×
Community Blog OpenKruise × iLogtail: The Best Practice for Managing Sidecar Containers for Observable Data Collection

OpenKruise × iLogtail: The Best Practice for Managing Sidecar Containers for Observable Data Collection

This article analyzes the challenges in managing sidecar containers for data collection and provides solutions using the management capabilities offered by OpenKruise.

By Xunfei, from Alibaba Cloud Storage Team

Sidecar containers are widely used in Kubernetes clusters to collect observable data from application containers. However, their intrusive nature regarding service deployment and the complexity of lifecycle management make this deployment model costly and prone to errors. This article analyzes the challenges in managing sidecar containers for data collection and provides solutions using the management capabilities offered by OpenKruise. It uses iLogtail as an example to describe the best practice for managing sidecar containers that collect observable data based on OpenKruise..

Scenarios for Sidecar Deployment

Observable systems serve as the eyes of IT operations. The Kubernetes official documentation introduces various methods for collecting observable data. In summary, there are three main methods: the native method, the DaemonSet method, and the Sidecar method. Each method has its advantages and disadvantages, and no single method can address all the challenges perfectly. Therefore, the choice of method depends on the specific scenario. In the Sidecar mode, each pod is deployed with a separate agent for collection. This approach consumes more resources but offers high stability, flexibility, and multi-tenant isolation. We recommend using the Sidecar mode in job collection scenarios or when serving multiple services on a PaaS platform.

1

  • Stability: The Sidecar method utilizes the feature that containers in the same Kubernetes pod have shared storage and network, so no container discovery process is required. At the same time, as long as the sidecar container does not exit, the files on the shared storage volume will not be deleted. Therefore, even if the lifecycle of the application container is extremely short or the log collection is delayed, data integrity is ensured.
  • Flexibility: For every agent deployed separately on each pod, you can customize the resources to be allocated and the data to be collected based on your business requirements. You can also deploy different types and versions of agents based on your requirements.
  • Multi-tenant isolation: The agent deployed in each sidecar container can only observe the data in the pod it belongs to. It cannot obtain the information of other tenants. The agents run independently of each other. If one crashes or fails to collect data, the others on the same node still work.
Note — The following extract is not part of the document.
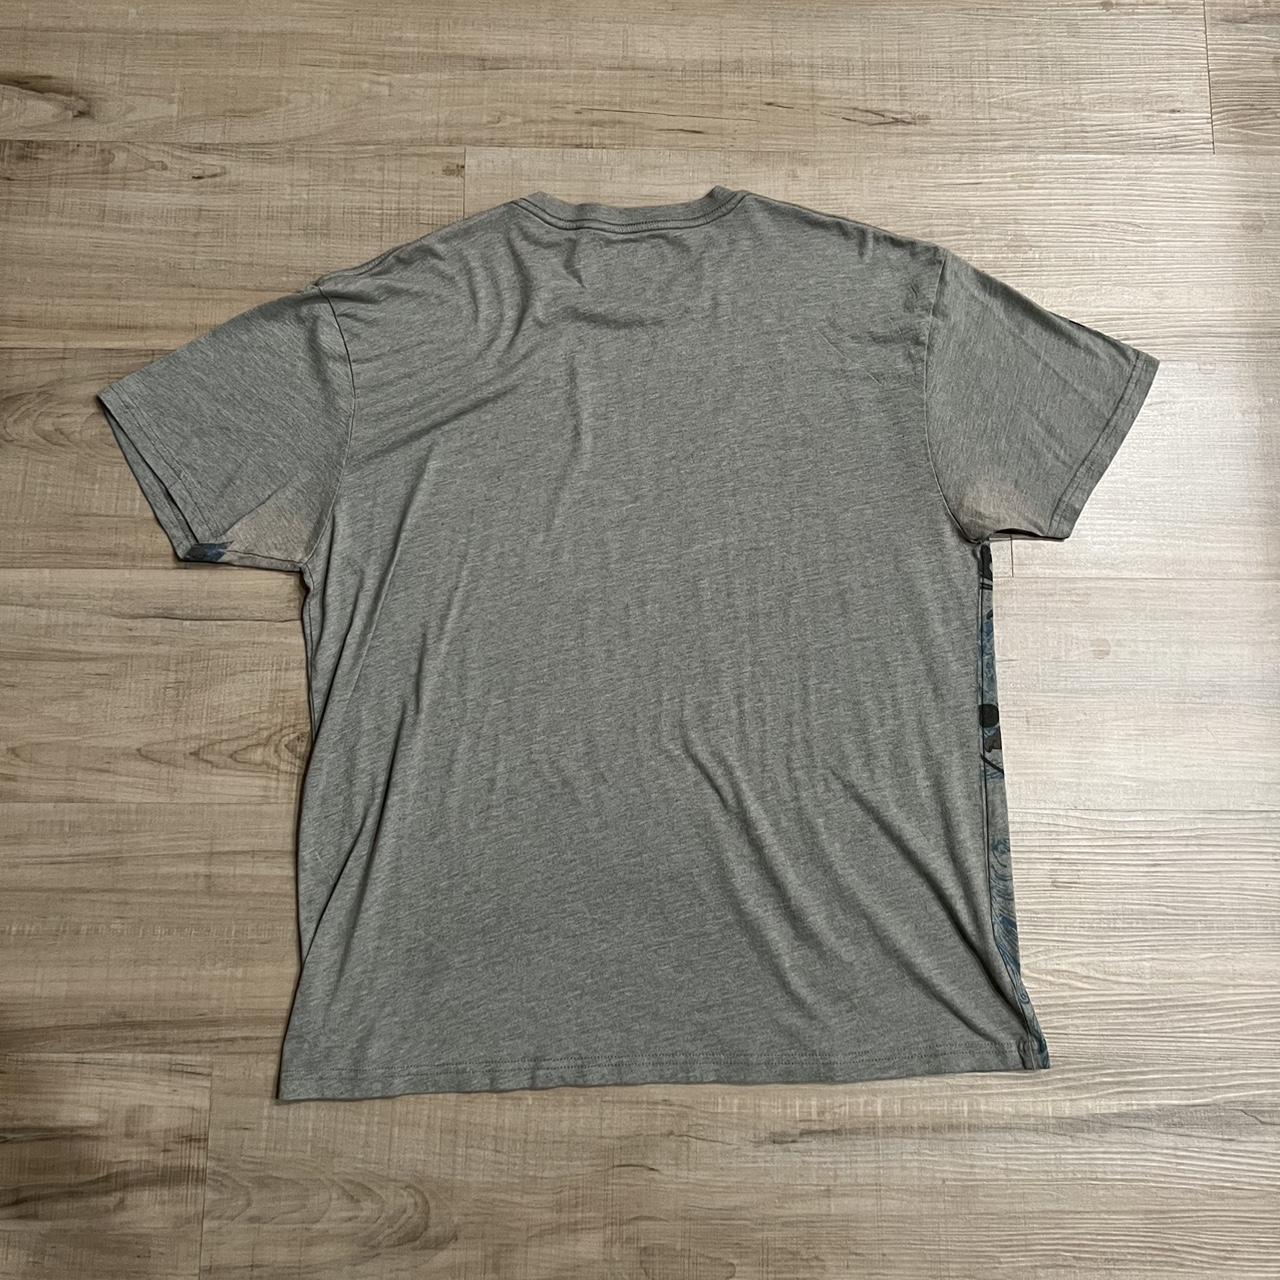 Carbon Men's Blue and Grey T-shirt (4)

Pain Points of Kubernetes Sidecar Mode

To use the Kubernetes Sidecar mode to collect observable data, the deployment declaration of the business needs to be modified. The sidecar container as an agent and the application container should be deployed in the same pod, and the volume and network should be shared to enable the agent to collect and upload data. To ensure that no data loss occurs during the data collection under any circumstances, the agent process must start up before the application process starts up and exit after the application process ends. For job workloads, how to enable the agent to proactively exit after the application container is completed is another problem to be considered. Taking iLogtail as an example, the following shows how to configure sidecar containers for data collection.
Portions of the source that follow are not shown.